Temporal Sampling for Forgotten Reasoning in LLMs
Abstract
AbstractFine-tuning large language models (LLMs) is intended to improve their reasoning capabilities, yet we uncover a counterintuitive effect: models often forget how to solve problems they previously answered correctly during training. We term this phenomenon Temporal Forgetting and show that it is widespread across model sizes, fine-tuning methods (both Reinforcement Learning and Supervised Fine-Tuning), and multiple reasoning benchmarks. Our analysis reveals on average more than 20% of final errors were once solved correctly at an earlier checkpoint. Inspired by the phenomenon of Temporal Forgetting, we proposed Temporal Sampling, a simple decoding strategy that draws outputs from multiple checkpoints along the training trajectory.

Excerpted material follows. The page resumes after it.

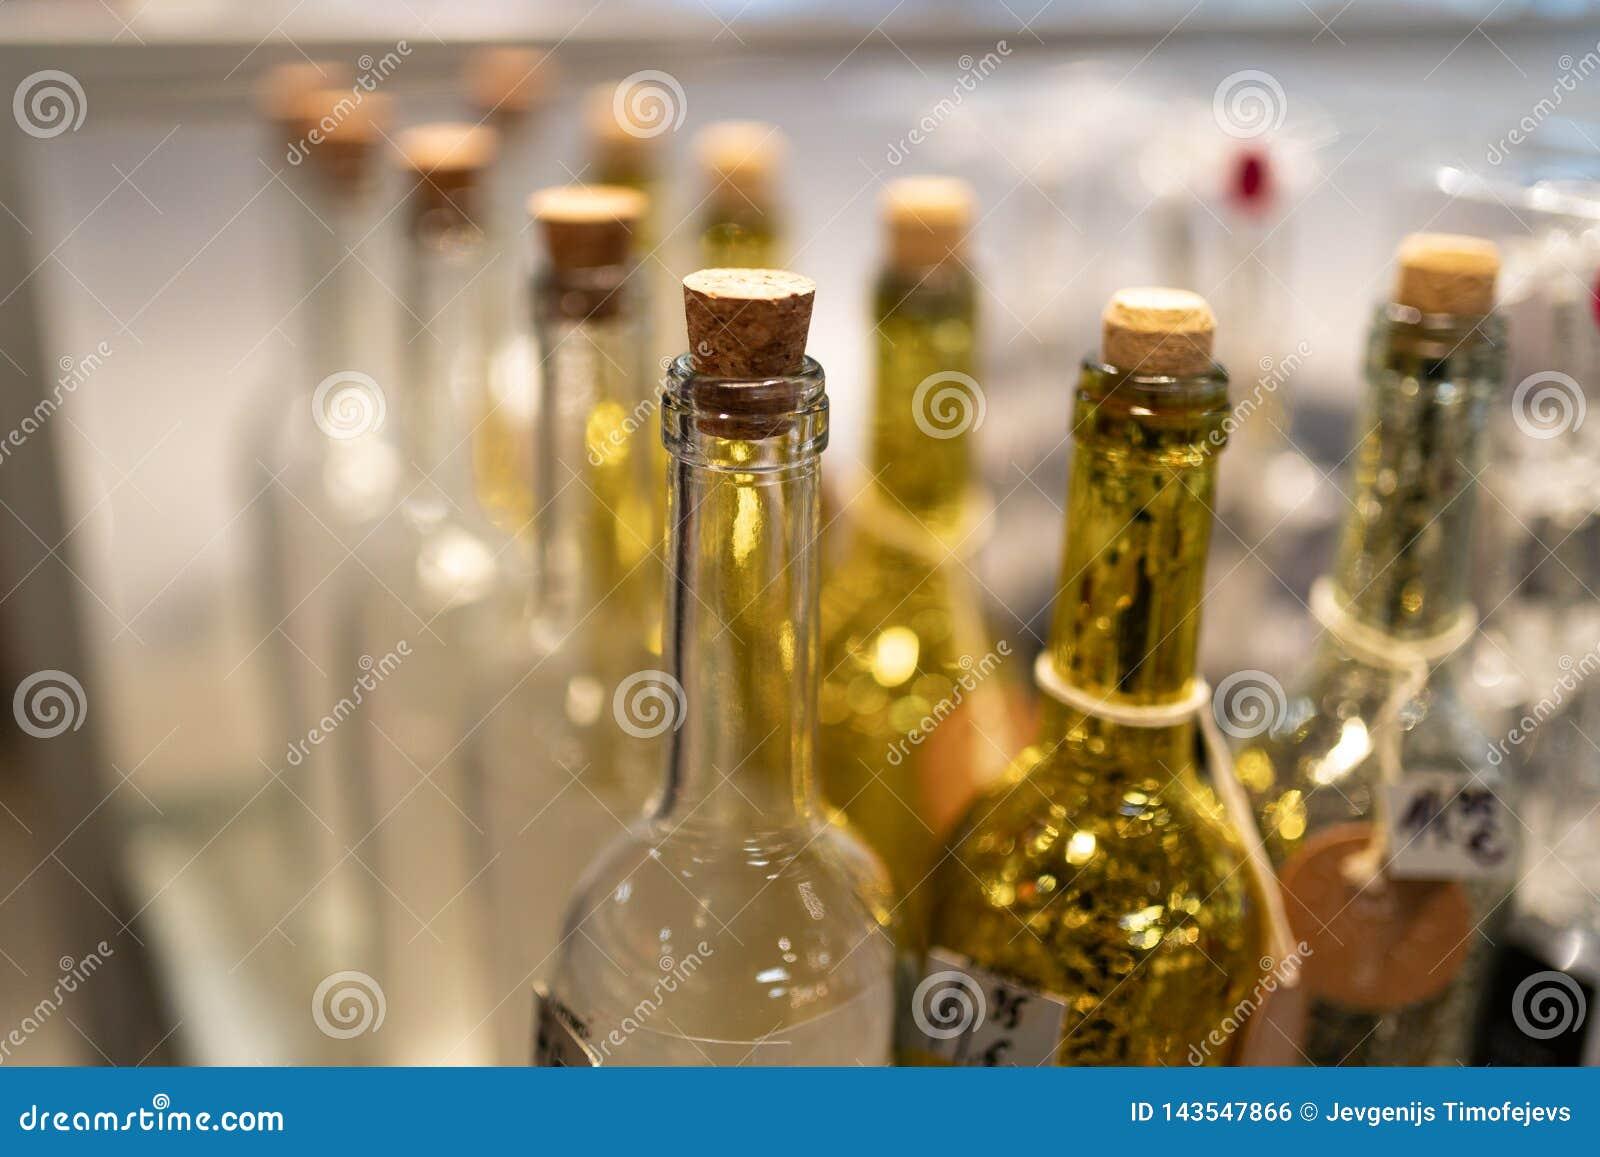 黄色和白色玻璃瓶在商店
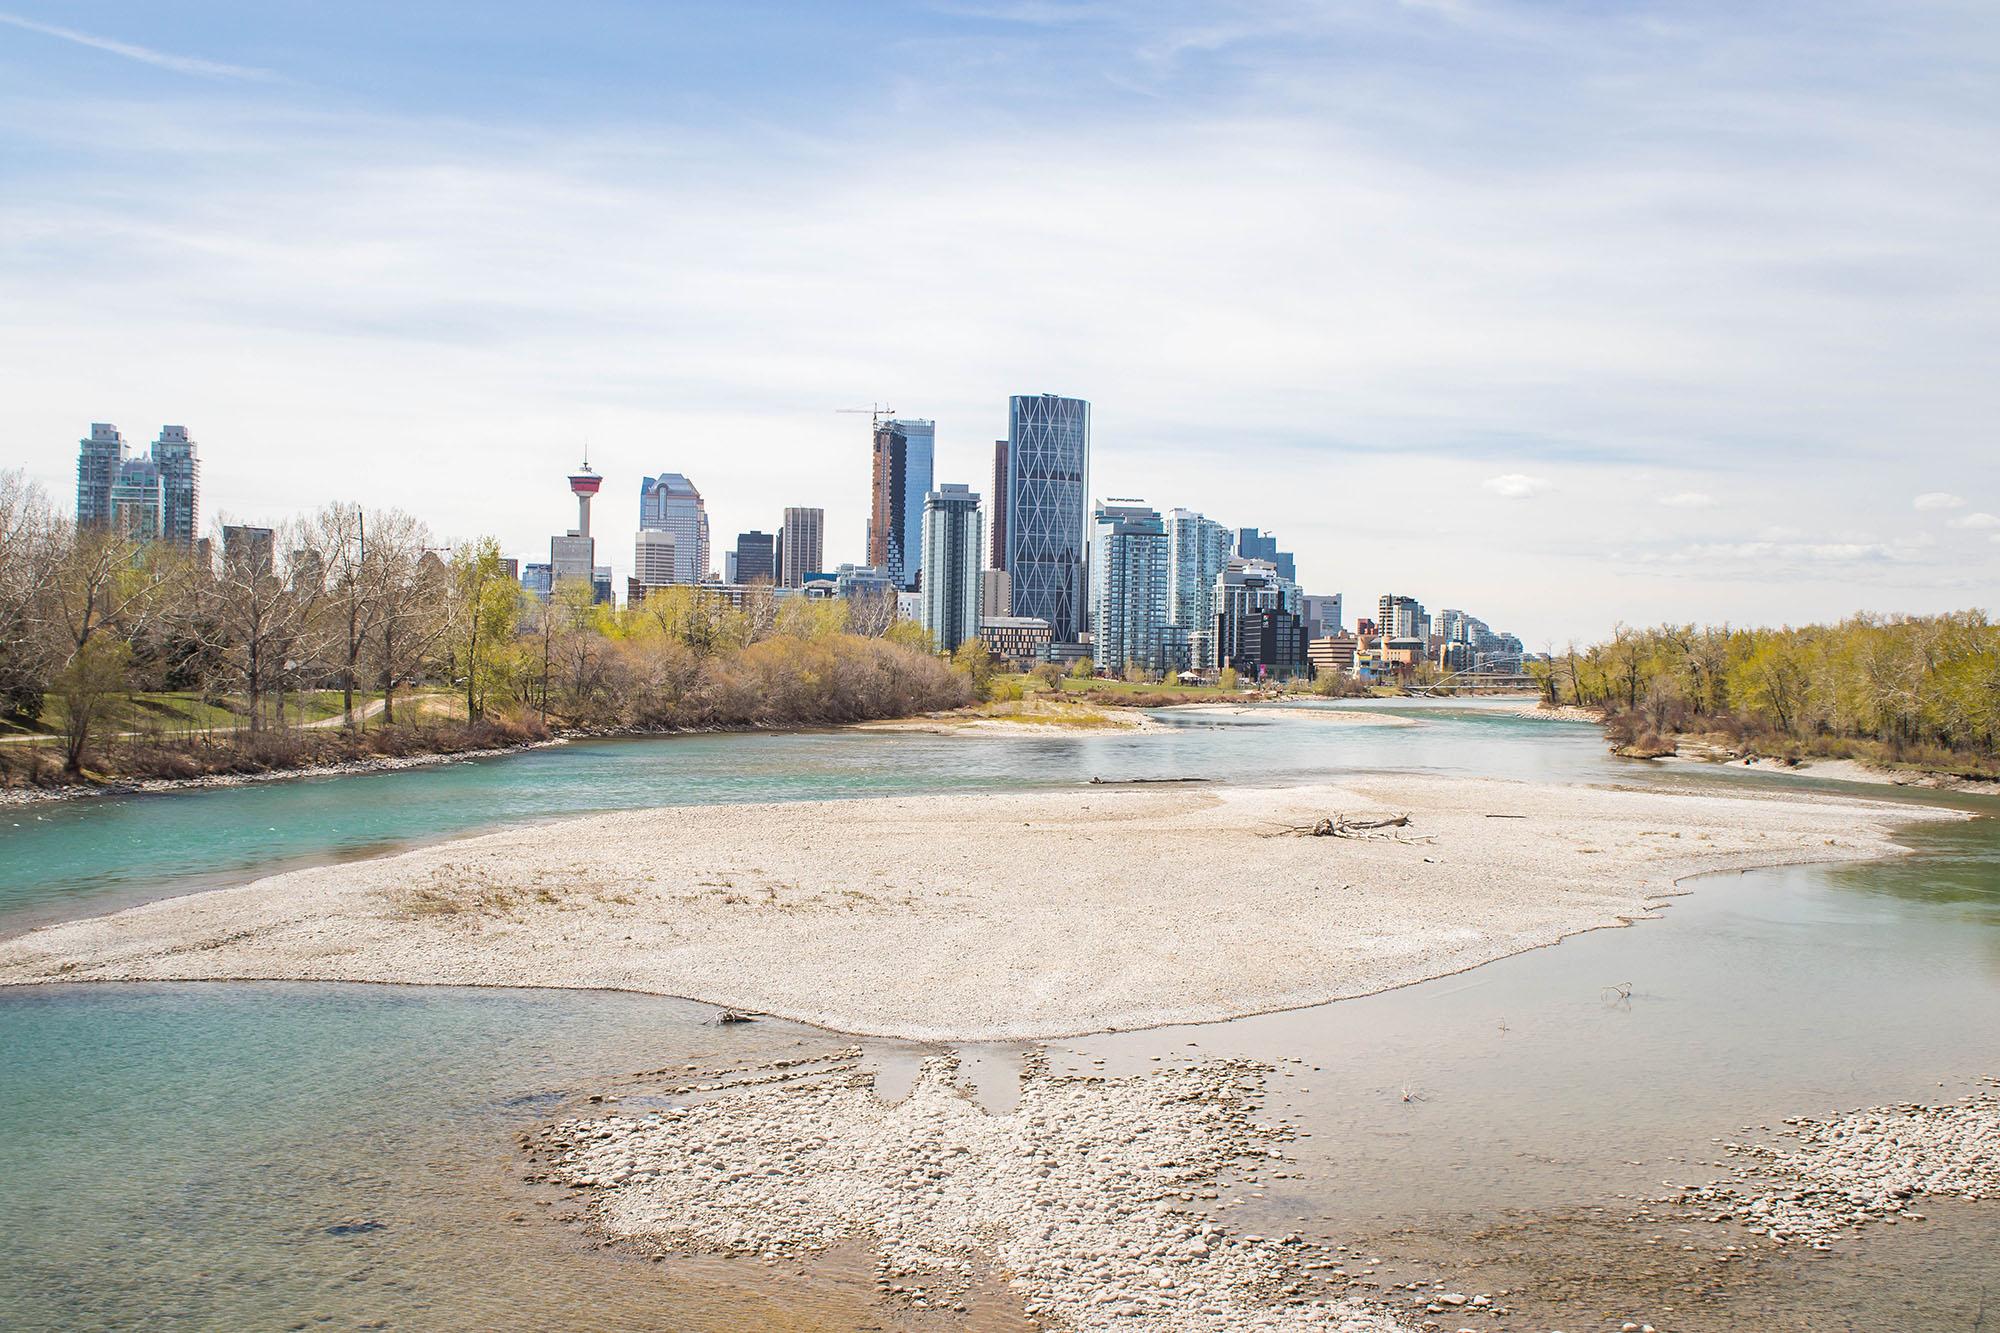 À la découverte de Calgary : Patrick island park

This approach recovers forgotten solutions and leads to significant improvements in reasoning performance than final-ckpt-sampling only, gains from 4 to 19 points in Pass@k and consistent gains for majority-voting and Best-of-N across several benchmarks. Temporal sampling also outperforms strong baselines such as model merging. By leveraging the temporal diversity inherent in training, Temporal Sampling offers a practical, compute-efficient way to surface hidden reasoning ability and rethink how we evaluate LLMs.